Shoe the steed with silver
     That bore him to the fray,
When he heard the guns at dawning—
               Miles away;
When he heard them calling, calling—
          Mount! nor stay:
               Quick, or all is lost;
               They’ve surprised and stormed the post,
               They push your routed host—
     Gallop! retrieve the day!
 
House the horse in ermine—
     For the foam-flake blew
White through the red October;
     He thundered into view;
They cheered him in the looming;
     Horseman and horse they knew.
               The turn of the tide began,
               The rally of bugles ran,
               He swung his hat in the van;
     The electric hoof-spark flew.
 
Wreathe the steed and lead him—
     For the charge he led
Touched and turned the cypress
     Into amaranths for the head
Of Philip, king of riders,
     Who raised them from the dead.
               The camp (at dawning lost)
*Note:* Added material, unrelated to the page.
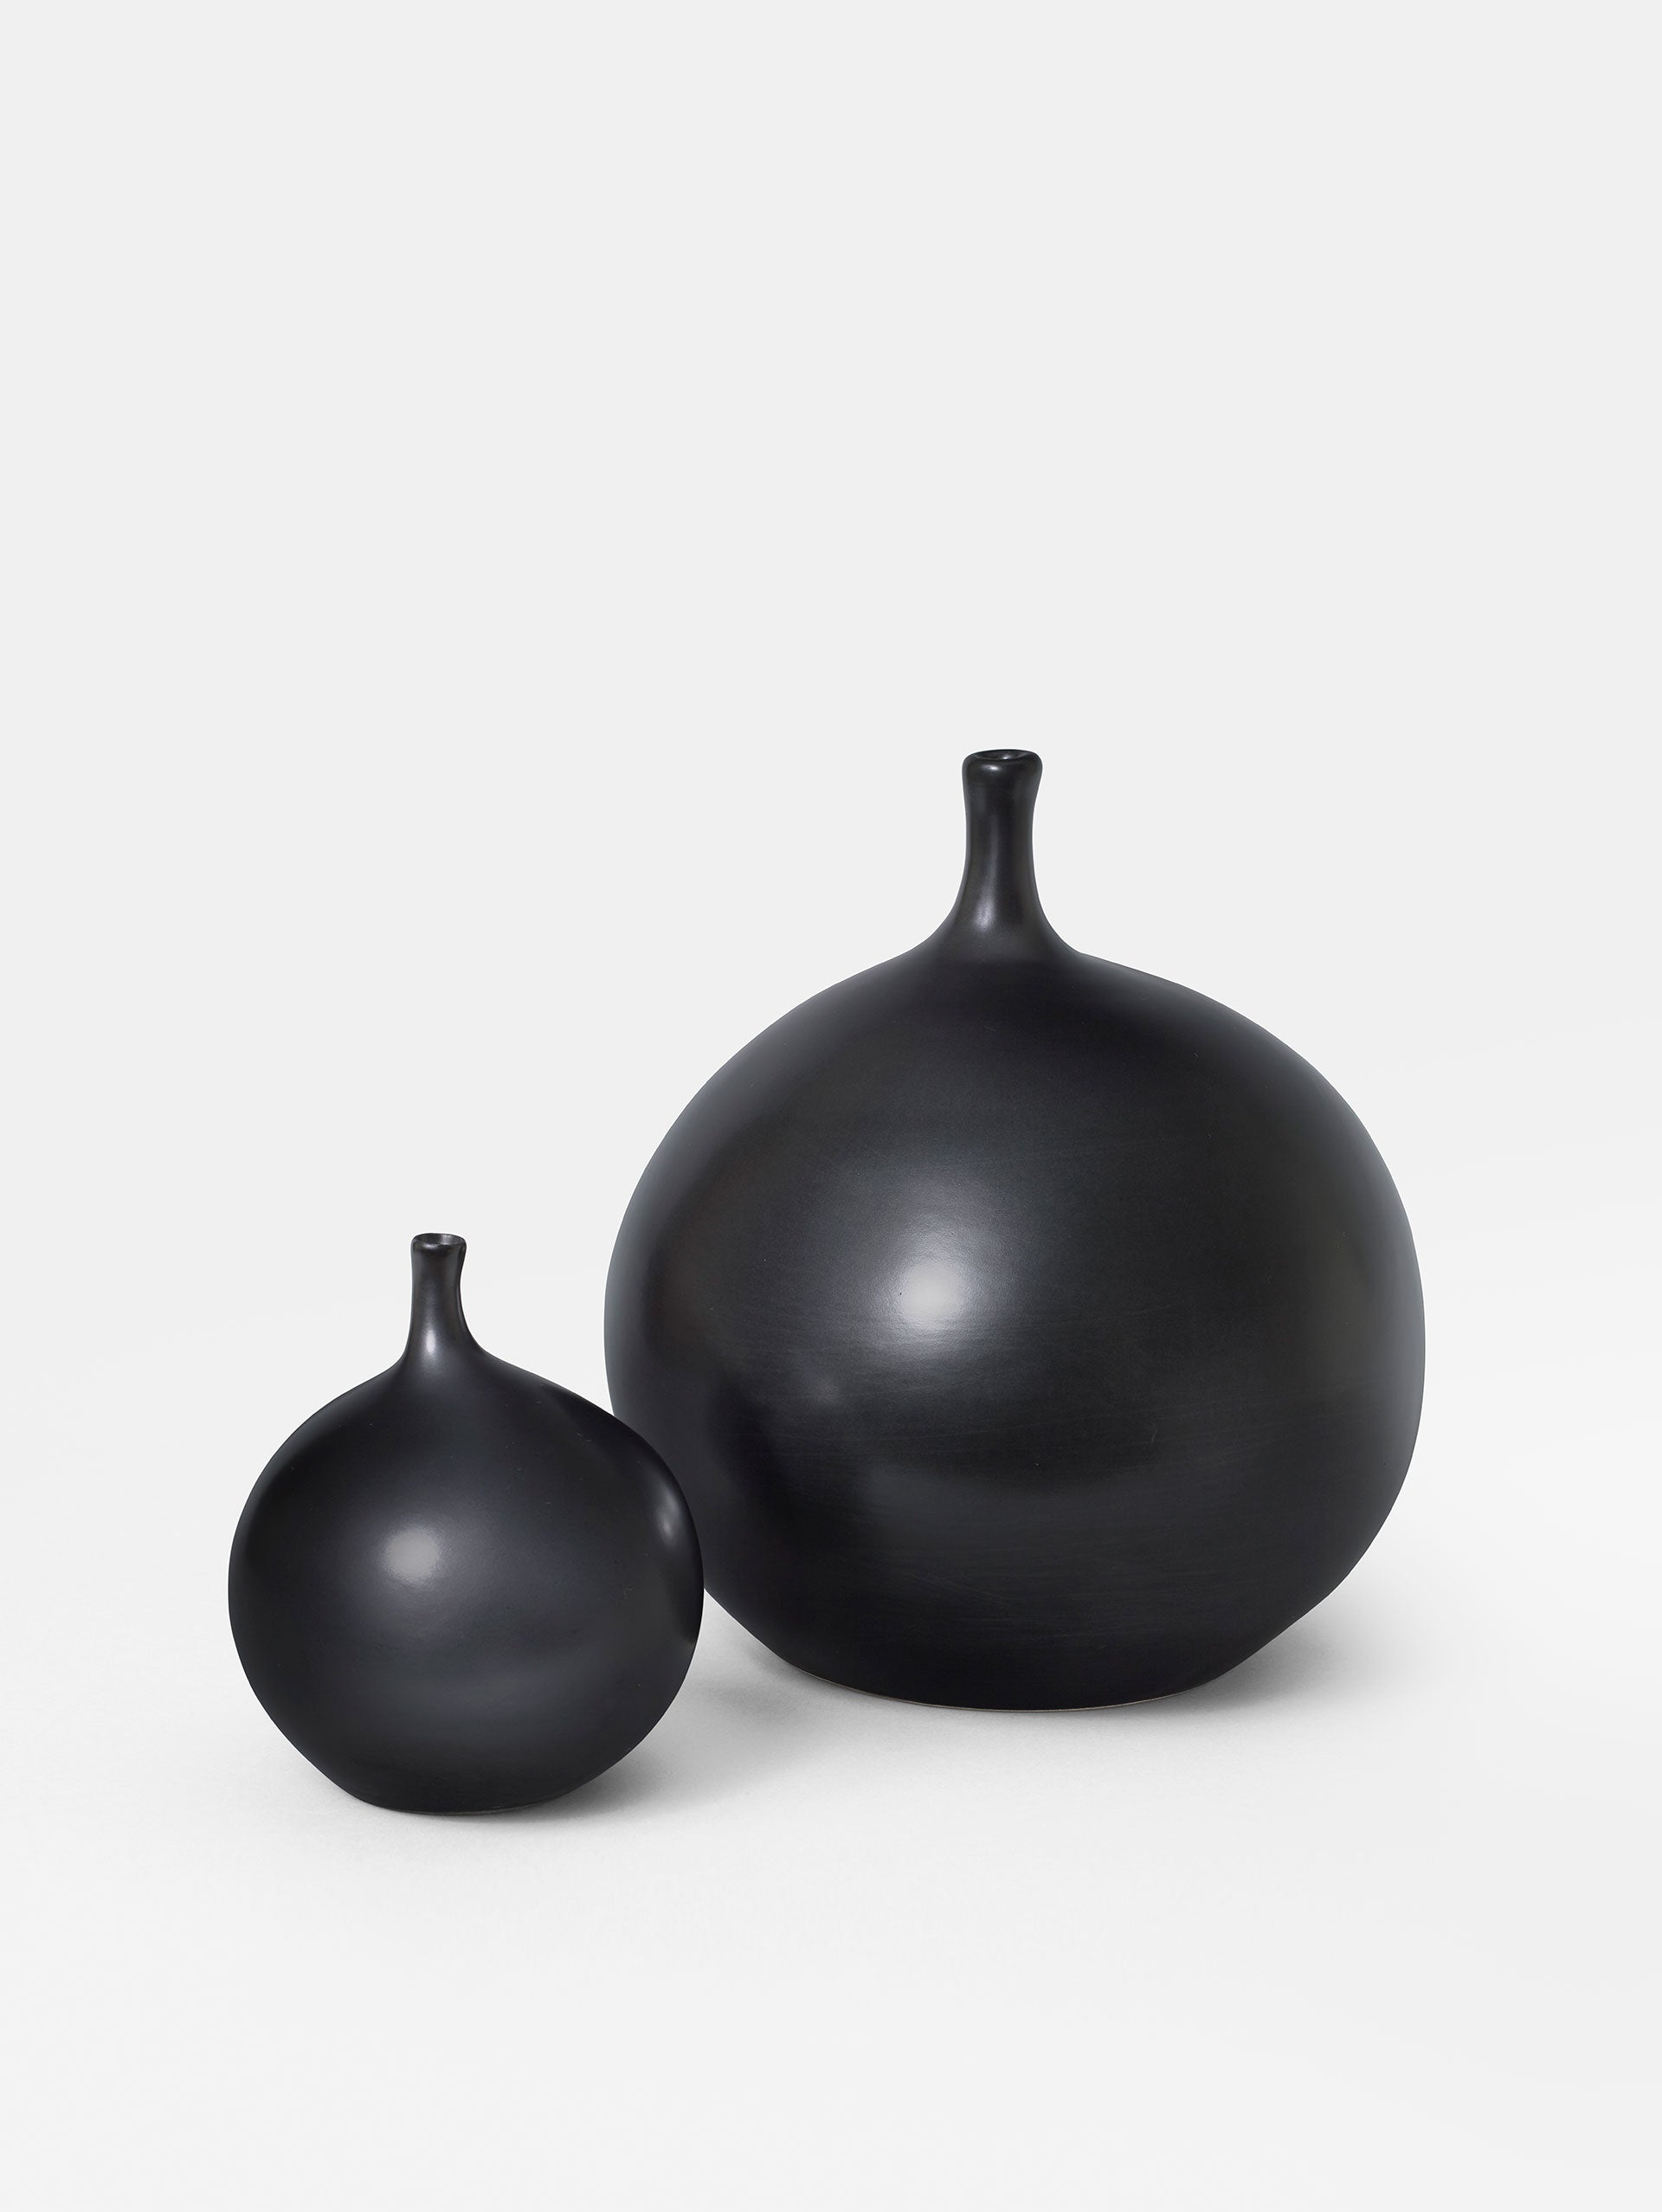 Apple Vases/ Georges Jouve, 1955/ Silver black enameled ceramic/ Courtesy of Thomas Fritsch–ARTRIUM, photo by Hervé Lewandowski

               By eve recovered—forced,
               Rang with laughter of the host
      At belated Early fled.
 
Shroud the horse in sable—
     For the mounds they heap!
There is firing in the Valley,
     And yet no strife they keep;
It is the parting volley,
     It is the pathos deep.
               There is glory for the brave
               Who lead, and nobly save,
               But no knowledge in the grave
     Where the nameless followers sleep.

Source: “Words for the Hour”: A New Anthology of American Civil War Poetry, edited by Faith Barrett and Cristanne Miller (University of Massachusetts Press, 2005)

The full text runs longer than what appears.